Le concours pour devenir Meilleur ouvrier de France est d'une impitoyable difficulté. Romain Pellet a décroché son col tricolore en 2015, quatre ans après un premier échec.
Ne cherchez pas de jambon rose fluo: ici, tout est sans nitrites, et sans colorants.
Traiteur-dragueur. Si la charcuterie est aujourd'hui tendance, notamment sur les réseaux sociaux, cela n'a pas toujours été le cas. «Quand j’ai commencé, c'était un peu has-been. Pour draguer, je parlais plutôt de mon côté traiteur», se remémore le chef. Mais il convient que depuis, la formation de charcutier-traiteur est revenue en odeur de sainteté: «Il faut dire que c’est un métier polyvalent, ni monotone ni ennuyeux, qui englobe de nombreuses techniques culinaires».

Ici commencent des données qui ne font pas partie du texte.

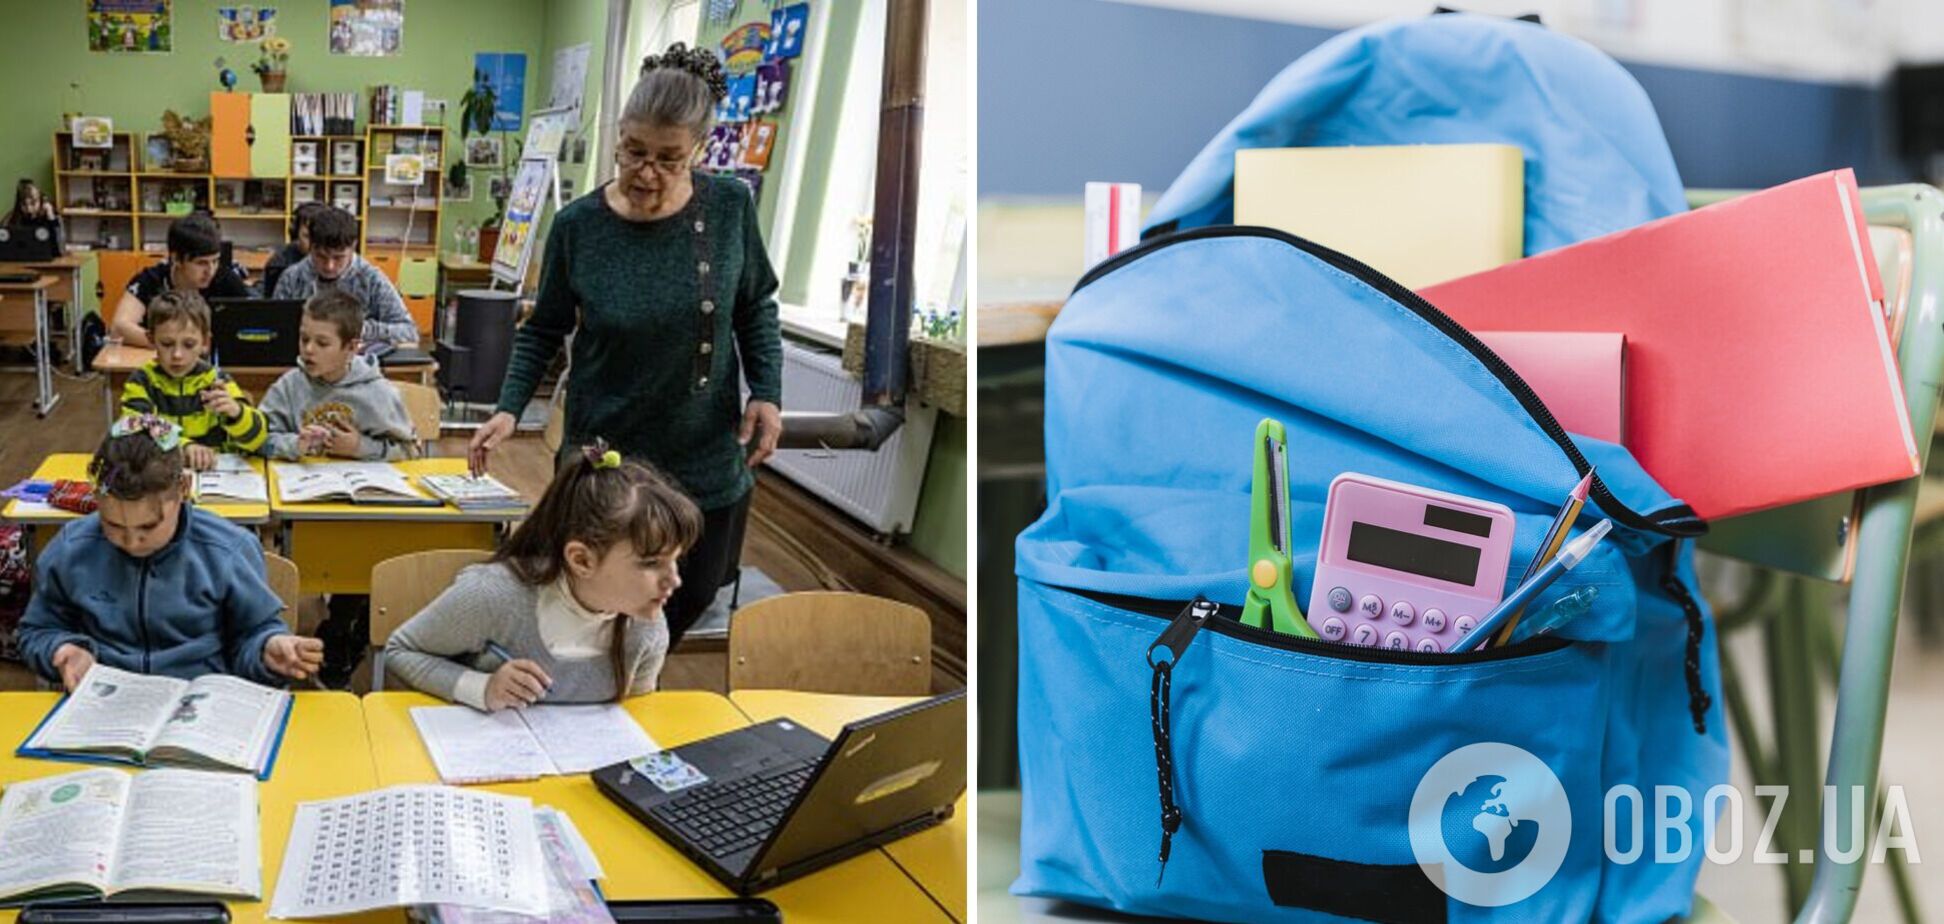 Школы и детские сады Одессы переводят на дистанционку из-за угрозы баллистики: какие заведения смогут работать офлайн

Le cœur léger. Aujourd'hui, il assure «avoir à cœur d'alléger ses recettes», par exemple en réduisant le sel. Pour compenser la perte de saveur, ses préparations sont marinées plus longuement. Le MOF privilégie en outre l’ajout de jus de viandes réduits, pour accentuer les goûts. Pour le moelleux, que l’on associe traditionnellement au gras, Romain préfère jouer sur des viandes cuites à très basse température, confites dans leurs jus. Autant de techniques qui rappellent que la charcuterie évolue encore de nos jours.
Des ambitions? Après six ans à son compte, le fringant chef d’entreprise se dit pleinement épanoui: «Je ne renoncerai pour rien au monde à mon indépendance: c’est la liberté!». Dans un coin de sa tête, trotte encore la passion des concours, avec l’envie - pourquoi pas - de participer au Championnat du Monde du Pâté-Croûte. Le chef, qui maîtrise aussi la langue de Shakespeare, s’évade aussi de temps en temps, pour donner des cours à l’étranger: «Je reviens de Singapour. Ce sera Londres en juin, puis Macao. J’adore voyager». Romain rêve aussi de développer des ateliers de charcuterie destinés aux gourmets, professionnels ou amateurs, et d'accroître ses partenariats avec les restaurateurs locaux. On en salive d'avance.